We had our first significant T.E. (Tumbleweed Event) of the season last week. It was actually rather mild compared to the springtime varieties, where the prickly beasties have been known to knock semis off the interstate and dig deep gouges in concrete streets*, but it was still good/bad enough to be a topic of conversation at a dinner party the next evening.

Almost everyone had a tumbleweed story, except for the poor couple who lives in the Texas Hill Country and thus has only heard rumors and scary tales around the campfire. Most of the stories involved out-of-state tourists with an inexplicable fascination with tumbleweeds, to the extent that most of us had actually spotted them inside said tourists' cars, presumably being transported back to New Jersey or Massachusetts for some kind of show-and-tell about surviving the Old West.

Most of the dinner party guests who had lived in Midland for a couple of decades or more also had stories of finding tumbleweeds piled practically to the eaves of the house or blocking their garages after some particularly nasty storms. One man described how his wife cried for a year after they moved to Midland after getting married and she discovered the havoc the winds can wreak around here. And, of course, we here at Casa Fire Ant have experienced that disquieting predicament ourselves (the tumbleweeds and dust, not the crying for a year. Ours was no more than three months.). 
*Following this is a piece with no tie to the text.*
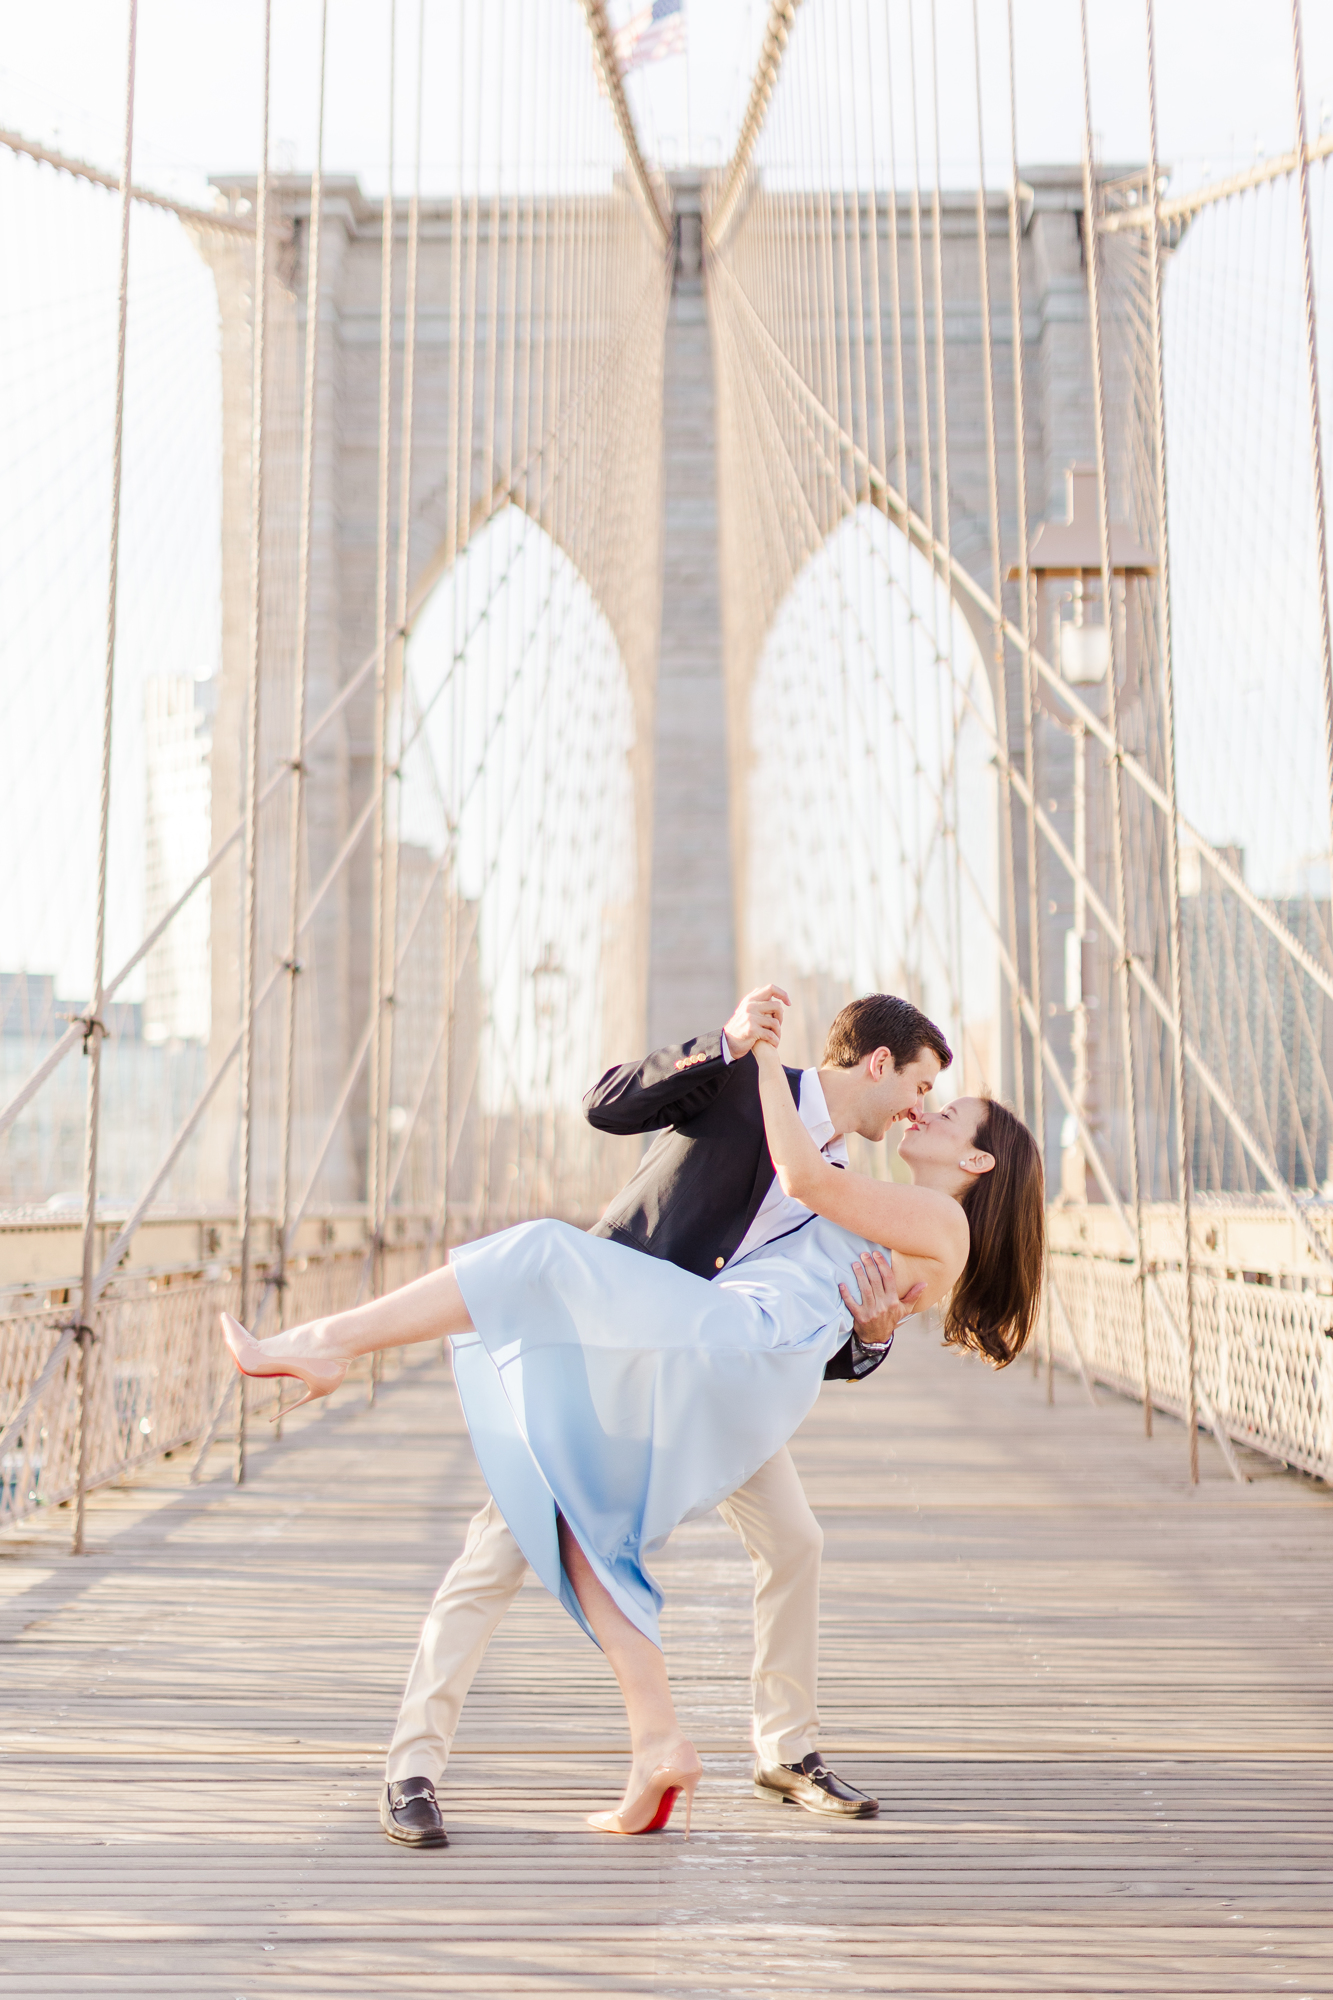 Stunning Engagement Photos in Brooklyn Heights

Anyway, our neighborhood experiences a phenomenon when the weeds tumble unlike most others in the area, because we have a couple of ponds. The combination of tumbleweeds and water is somehow even more depressing than having them pile up in your yard, except for the fact that someone else has to clean out the ponds.

I took a few photos after last week's T.E.


I wonder if the migrating ducks were perplexed by the stickery things floating in their temporary rest stop?


Our resident geese are, however, unfazed...jaded...or simply clueless. They're geese. What do you expect?


The dock doubled as an effective weed sieve.


The answer to the age-old question of whether tumbleweeds float is, apparently, "sort of."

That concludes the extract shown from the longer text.